A cette occasion, pour rappel, le Prix Nobel de la Paix avait insisté sur la mise en place d’un Tribunal Pénal International pour le Congo, ainsi qu’une rupture avec toutes les personnes qui ont commis des crimes. Toujours acharné contre l’impunité de crimes commis en RDC, surtout contre la promotion des criminels de sang aux postes de responsabilité, le Dr Denis Mukwege n’aura pas été offensé par les décisions contenues dans le speech du chef de l’Etat.
En effet, comme s’il paraphrasant intégralement le Sakharov 2014, Felix Tshisekedi s’est montré favorable à la création de la juridiction spéciale pour la RDC tant voulue par ce défenseur des droits humains, et n’a pas hésité à hachurer la lettre d’alliance qui le liait à la famille politique de son prédécesseur Joseph Kabila.

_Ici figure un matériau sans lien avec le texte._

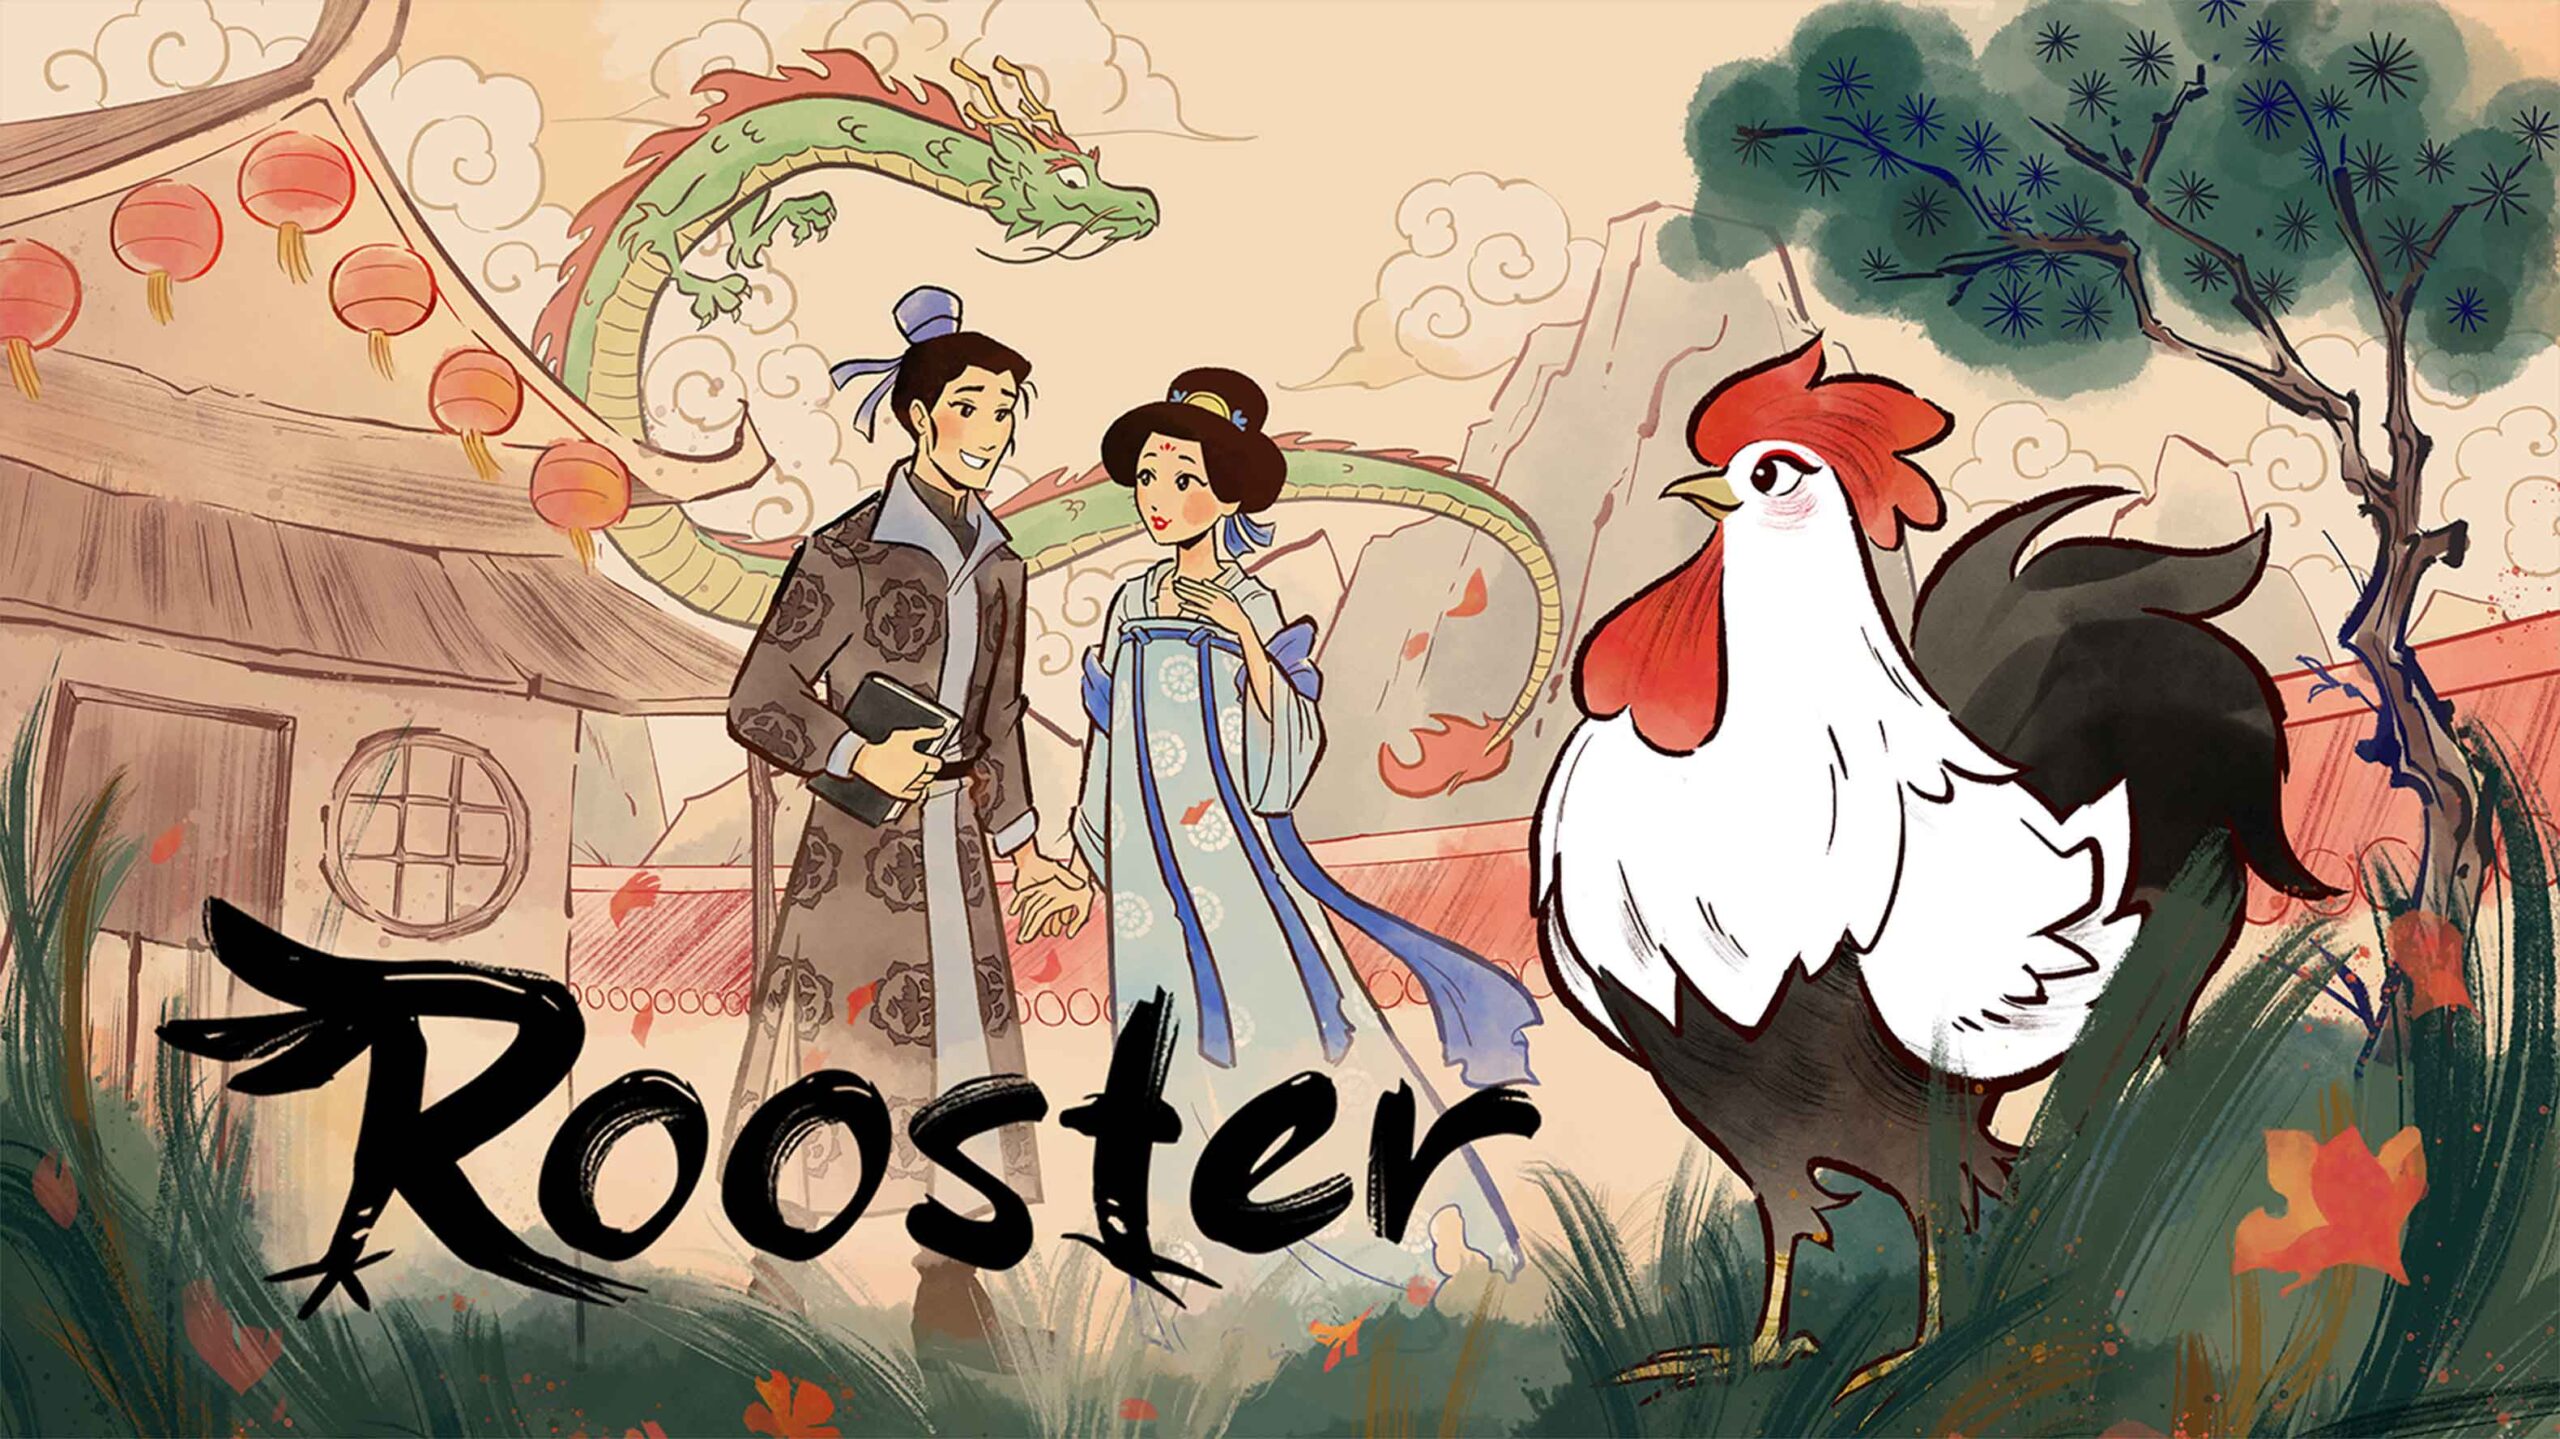 Toronto’s Sticky Brain celebrates Chinese culture and accessibility in Rooster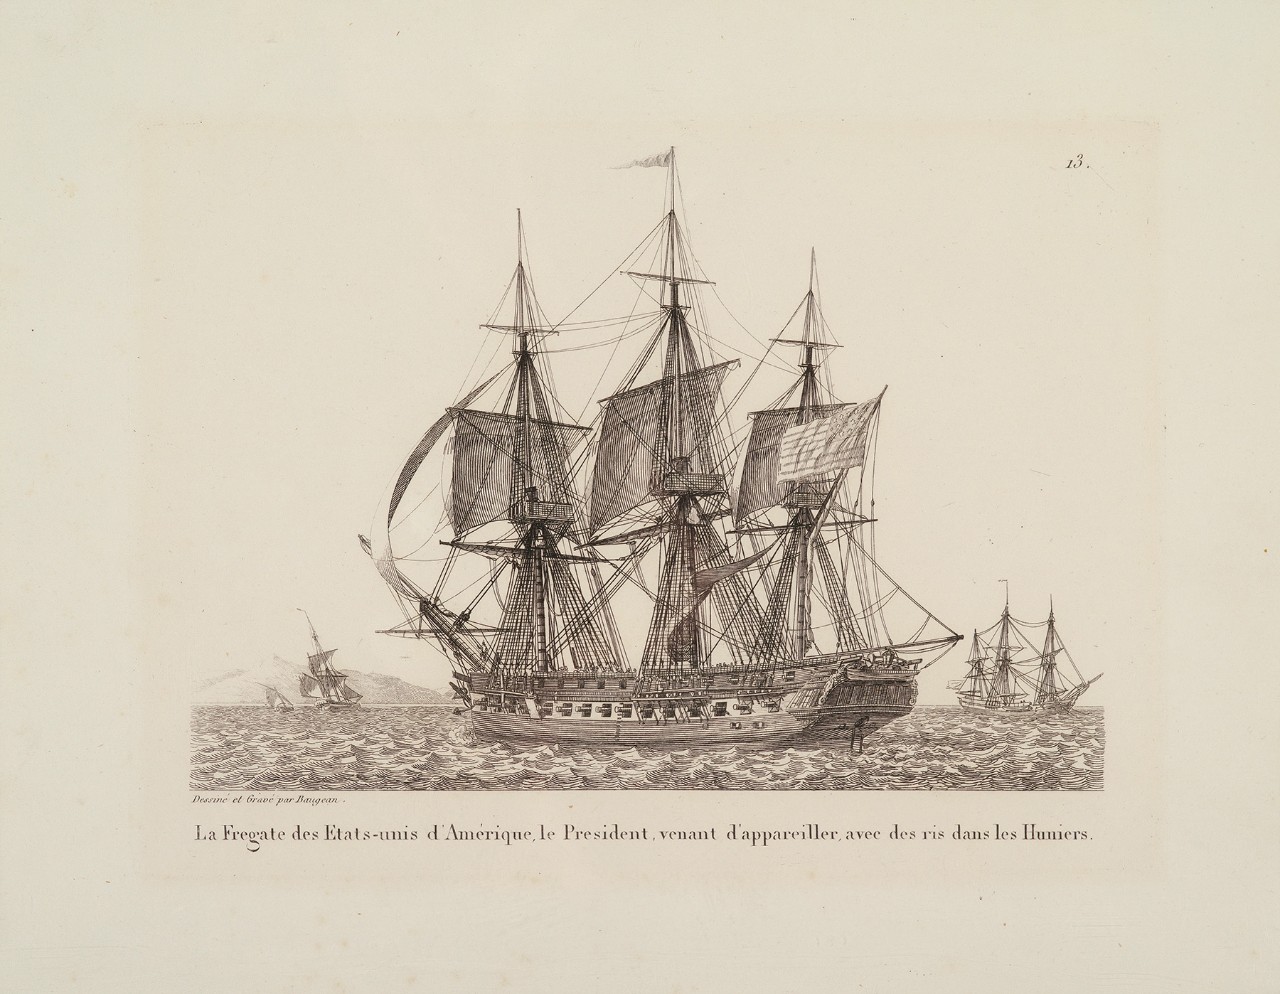 Portside view of a sailing ship at anchor, three other ship in the background

Par cette réceptivité, à l’égard des propositions découlant du mémorandum de « l’Homme qui répare les femmes », nul ne peut plus douter du bon climat qui règne entre les deux hommes ; et une probable proposition du Chef de l’Etat au Prix Nobel, de mettre son savoir-faire à la disposition de la république, devient de plus en plus certaine.
Néanmoins, si pour certains citoyens le célèbre médecin de Panzi est si propre pour se mêler des questions politiques du pays, au vu des obscénités qui entachent les politiciens congolais, il sera tout de même inconvenable que le pays se passe des services d’un tel fils ; surtout en cette période où il s’avère nécessaire de procéder à des réformes profondes.
Selon que le destin en dessinera les contours, le Dr Mukwege serait une pièce importante dans l’une des institutions qui devraient être mises en place. Mais laquelle est-ce donc, si celles ayant un caractère purement politicien ne lui conviennent pas ?
Si l’on en croit certaines langues, le poste d’informateur correspondrait au profil du seul Prix Nobel Congolais, car sa sagesse permettrait de dégager une majorité parlementaire fondée sur des bases éthiques. Mais en tout état de cause, ce poste devrait-il exposer l’homme aux mains jusqu’ici propres, à des contacts sulfureux.
Le rôle d’informateur étant de contacter des personnalités politiques de toutes les tendances, à ce poste Dr Mukwege aurait également le devoir de recevoir des criminels dont il a couramment soigné les victimes ; ce qui lui vaudrait un énorme sacrifice.
Ainsi si pareille proposition lui était faite, nulle ne pourrait deviner quel feedback réservera le Prix Nobel au premier citoyen du pays.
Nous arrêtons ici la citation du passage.